#### [Data for review]
== Segment start ==
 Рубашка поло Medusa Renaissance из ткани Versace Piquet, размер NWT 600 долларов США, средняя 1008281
== Segment end ==
== Segment start ==
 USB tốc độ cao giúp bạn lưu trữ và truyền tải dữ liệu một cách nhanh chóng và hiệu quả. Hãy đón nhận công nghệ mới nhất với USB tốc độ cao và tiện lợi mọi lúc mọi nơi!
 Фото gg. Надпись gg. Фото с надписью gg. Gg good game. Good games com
== Segment end ==
== Segment start ==
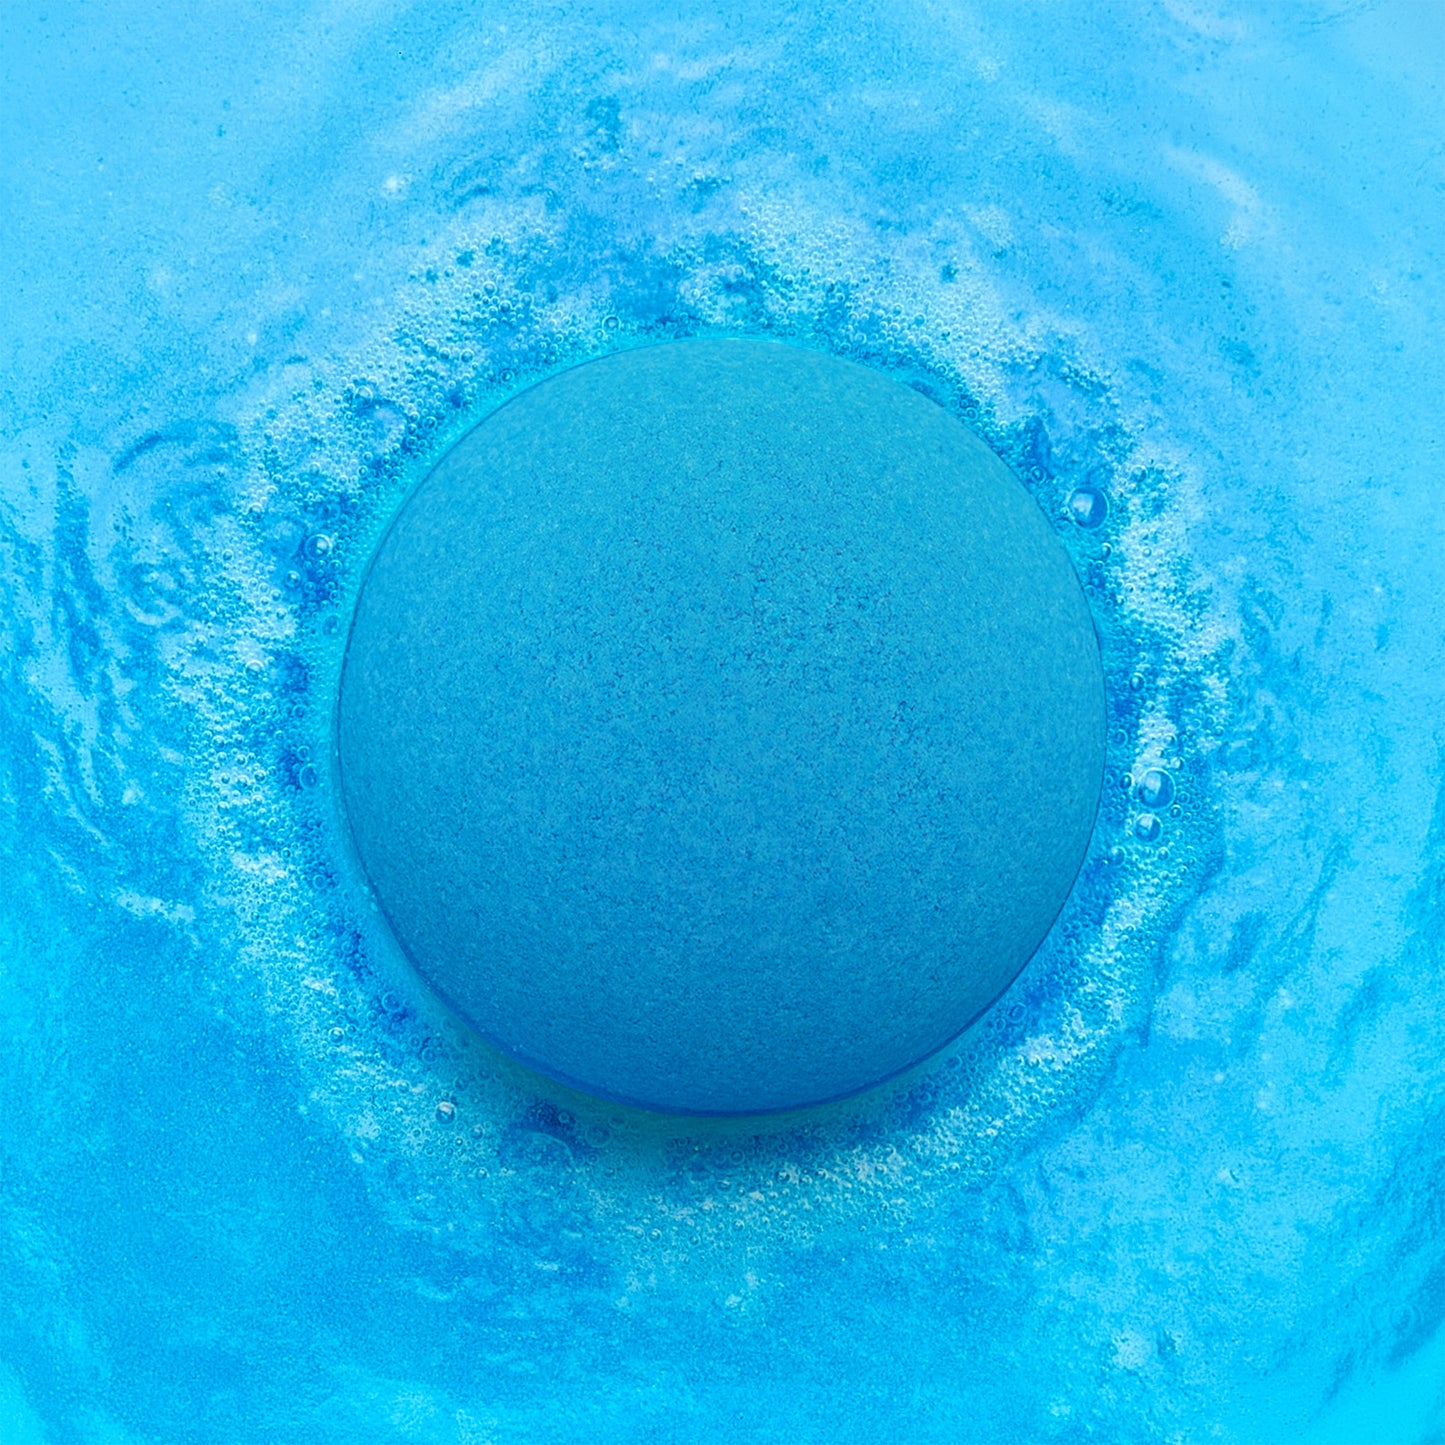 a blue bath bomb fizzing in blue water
== Segment end ==
What is asked for is an exact copy of the lines above from the one containing "USB tốc độ cao giúp" through the one containing "Фото gg. Надпись", and only those.

#### [Final answer]
 USB tốc độ cao giúp bạn lưu trữ và truyền tải dữ liệu một cách nhanh chóng và hiệu quả. Hãy đón nhận công nghệ mới nhất với USB tốc độ cao và tiện lợi mọi lúc mọi nơi!
 Фото gg. Надпись gg. Фото с надписью gg. Gg good game. Good games com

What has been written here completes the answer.